North Carolina ranks third in the country — behind California and Texas – for the most animals killed in shelters, with 75 percent of those being cats. Entering a shelter is the primary documented cause of death for cats in the U.S.

Through a collaboration between Iredell County Animal Services, Lucky Cat and PAR, 1,158 cats/kittens – both pets and community cats – were spayed and neutered in the first five months of 2024.

Animal Services provides transport for cats every first and third Monday of the month to Foothills Spay and Neuter Clinic in Hickory. The county covers the entire cost of 15 TNR surgeries for unowned, free-roaming cats each month. These trapped cats receive spay/neuter, a rabies vaccine and an ear tip, which is the universal symbol of a cat having been spayed/neutered.

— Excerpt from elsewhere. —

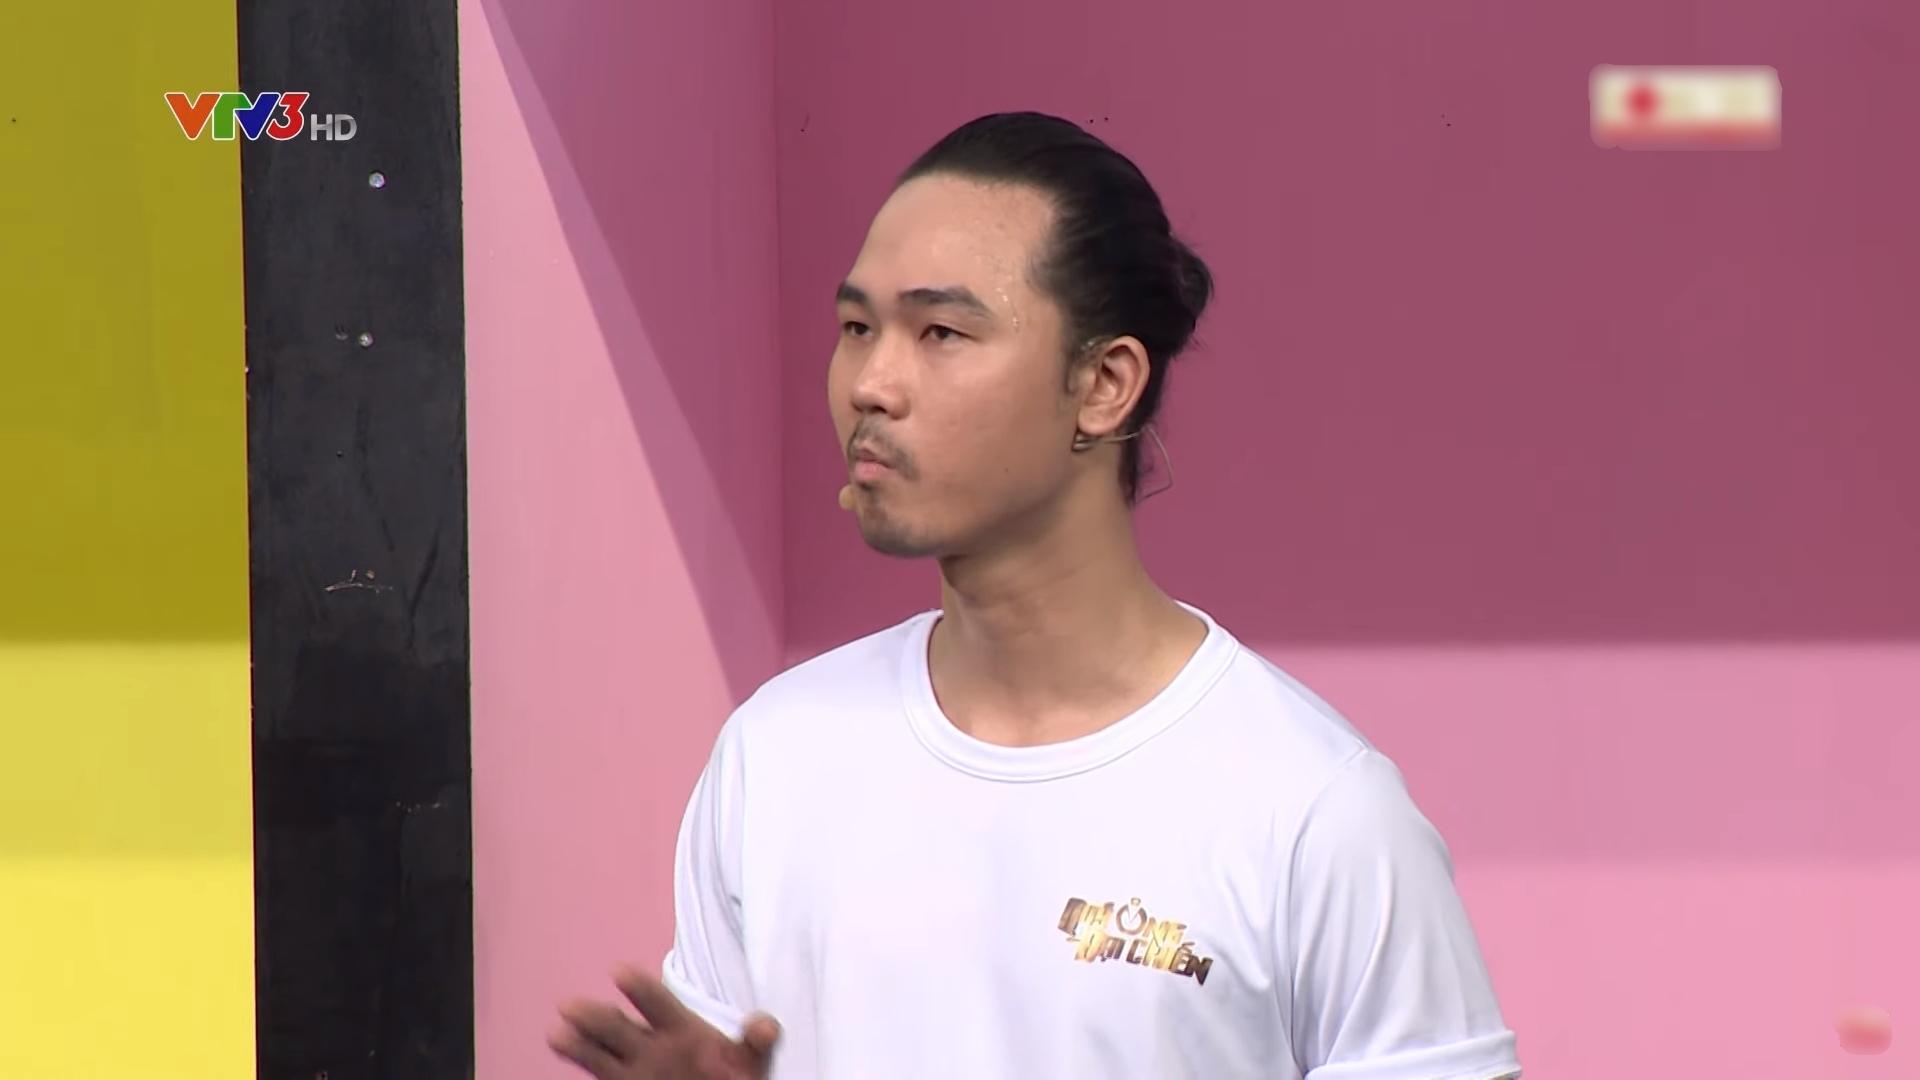 Hương Giang nhớ 'người cũ' từ chiều cao đến số đo 3 vòng

An additional 17 pet cats can also go on these transports. The cost to spay and neuter a pet cat is just $60 for females and $40 for males. Additionally, Lucky Cat and PAR have partnered to spay/neuter about 70 additional cats a month at Foothills, and the two joined with Stand for Animals in Mooresville to have another 189 cats sterilized since January 1 in an effort known as “targeted TNR.” This focuses on spaying/neutering all the cats in one colony before moving to surrounding colonies.

PAR now runs two monthly transports to Foothills for both cats and dogs with drop-off/pick-up locations in Mooresville and Statesville.

Shelters and local rescues – if they have space – have agreed to take in kittens only if arrangements are made to spay the mother cat.

“We cannot rescue, adopt or euthanize ourselves out of cat overpopulation,” said Byrd. “We must work at the root of the problem through spay/neuter.”

How you can help

Have your pets spayed or neutered. This helps control the number of unwanted animals that end up overcrowding shelters and rescues.
Attend Iredell County Animal Services’ TNR workshop at the Iredell County public library or shelter at 430 Bristol Drive. Follow the ICAS Facebook page for upcoming dates. With proper instruction and support, almost anyone can safely and successfully implement the TNR process.
Donate. To continue to provide animal advocacy programs and services, non-profits/volunteers require community involvement through donations and volunteers.
Foster animals through local rescues. Rescues are currently having to turn animals away, drastically increasing the chances that those animals will be euthanized in overcrowded shelters.
Adopt an animal. Adoption gives animals a second chance at life while creating space in shelters and rescues for more animals in need.
Participate. Everyone can do something, from donating and educating about the necessity/benefits of spaying/neutering to fostering, trapping and transporting to spay/neuter clinics.